Nice! How many layers in the 4mm stuff? The birch ply I have at 4mm seems to be only three layers anyway - two birch faces and a thicker core. The 6mm stuff I have has more layers as you would traditionally expect from birch ply. No knots in the 4mm and no dutchmen either, although the 6mm has an occasional one which I tend to discard unless its subsequently painted or hidden in some way.

Steve.


----------



## Gill (3 Nov 2009)

Only three layers, Steve. The core layer seems to be pretty thin. At £11 per board I wouldn't be unhappy to find dutchmen in the sheet. After all, they're easy enough to cut around and they tend not to be critical when dimensioning timber for scroll saw projects. I'm just hoping there aren't a lot of voids.

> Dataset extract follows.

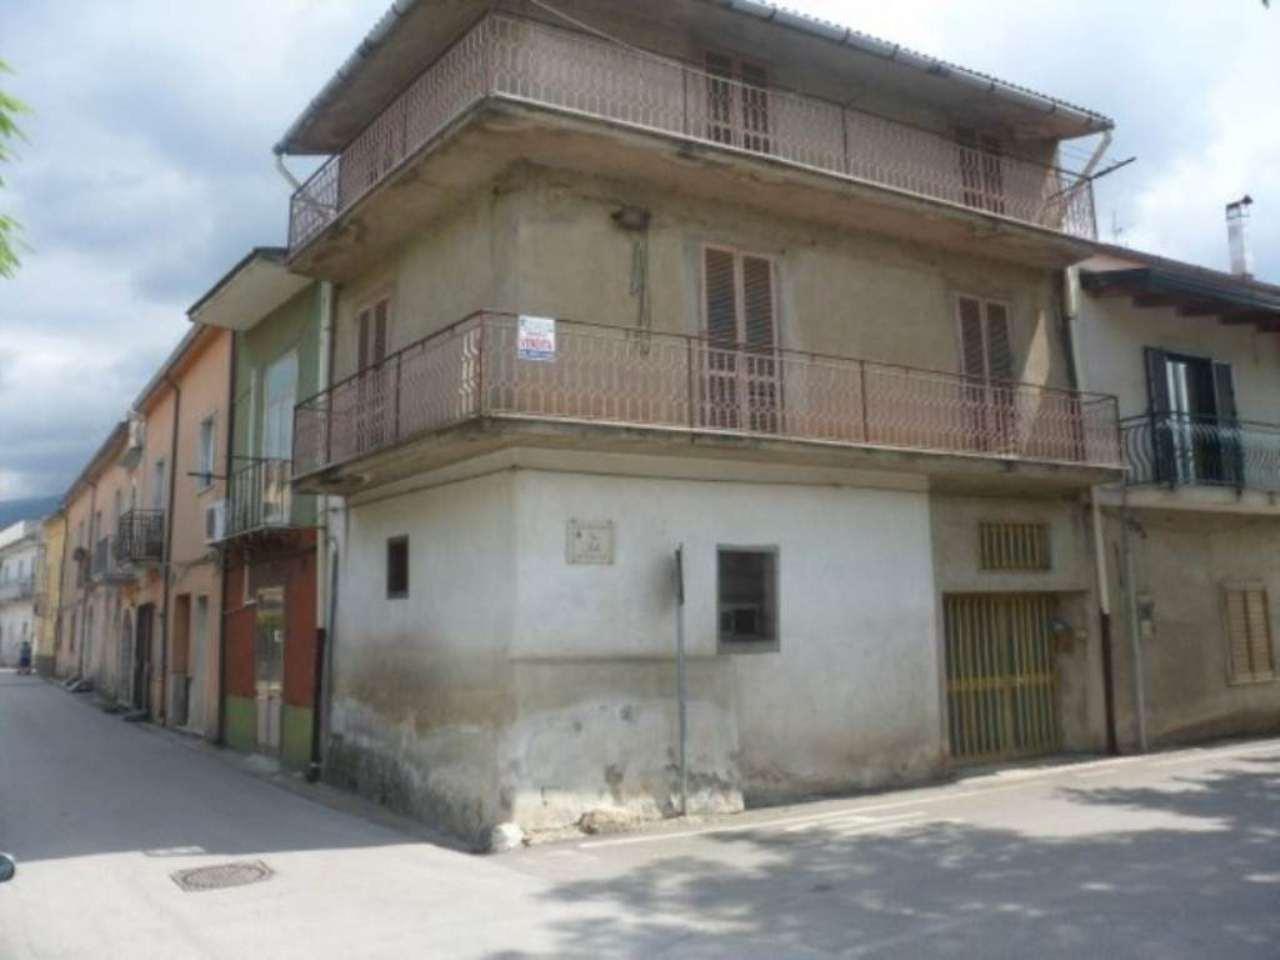 Soluzione Indipendente in vendita a Moiano, 4 locali, prezzo € 47.000 | CambioCasa.it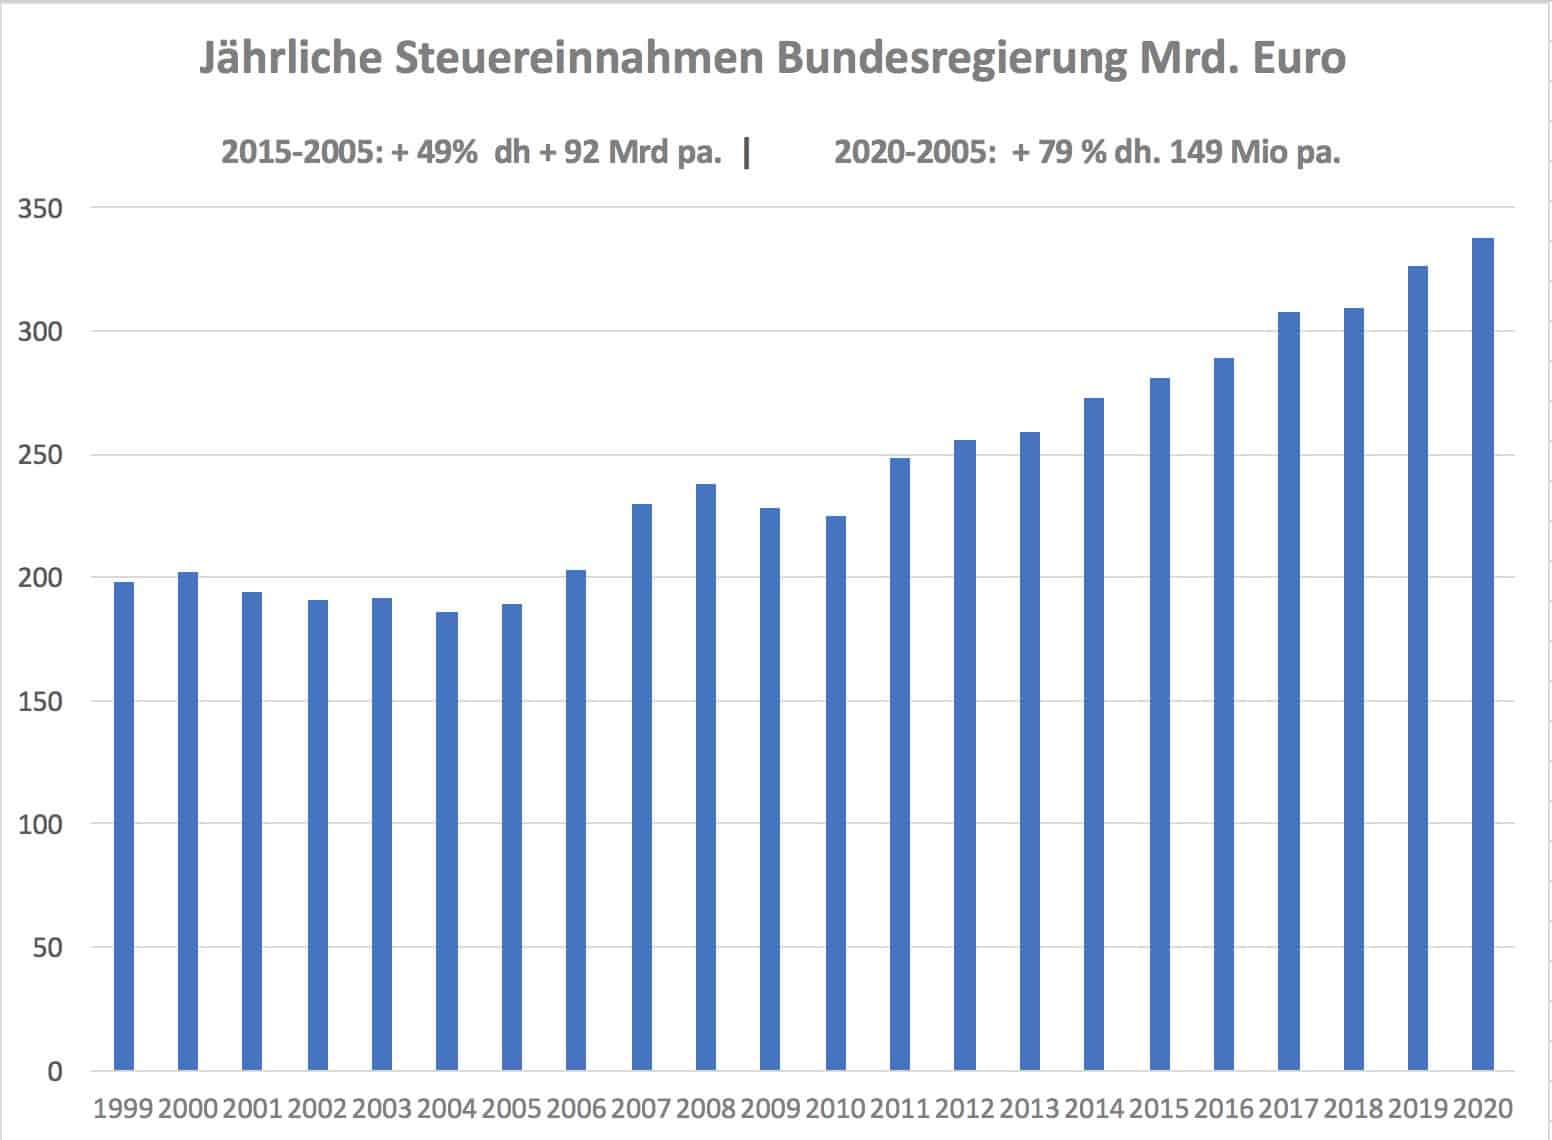 Grafik Steuereinnahmen Bund 1999-2020

I hope to cut them later - right now I can hardly get into my workshop for two plywood boards that are taking up all the space :lol: .


----------



## stevebuk (3 Nov 2009)

i bought some thin ply from a local builders merchant and it was 3 ply too, but on the inside it was this soft foamy like stuff and it breaks away easily so i will not be buying that again.


----------



## Zanda (4 Nov 2009)

StevieB":2ra67hk9 said:


> Nice! How many layers in the 4mm stuff? The birch ply I have at 4mm seems to be only three layers anyway - two birch faces and a thicker core. The 6mm stuff I have has more layers as you would traditionally expect from birch ply. No knots in the 4mm and no dutchmen either, although the 6mm has an occasional one which I tend to discard unless its subsequently painted or hidden in some way.
> 
> Steve.



Silly question time, knots in wood I understand, BUT _*dutchmen*_ I aint got a clue, please define dutchmen (beginner so lost with jargon) thanks


----------



## big soft moose (4 Nov 2009)

Zanda":mlg9jth0 said:


> please define dutchmen (beginner so lost with jargon) thanks



people who live in holland  

that aside its patches on the layers of plywood , ie that rather than being made up of one continuous sheet it is patched with small bits where defects have been found - for a lot of ply applications it doesnt matter but its not good in scroll work as can lead to bits breaking away.

no idea *why* these are called dutchmen tho


----------



## Zanda (4 Nov 2009)

big soft moose":ce21hs50 said:


> Zanda":ce21hs50 said:
> 
> 
> > please define dutchmen (beginner so lost with jargon) thanks
> ...



Cheers BSM


----------



## Tenko (19 Nov 2009)

Because you have to plug the hole up with your finger (and a bit of filler) :?


----------



## Blacklabradorman (3 Dec 2009)

Hi Gill,

When you say full size board what size is that? Coomers do a 1220mm square board in 4mm for about £8 + vat. Just wondering how that compares?

Of course it is local for me so that makes a big difference

regards
Sean


----------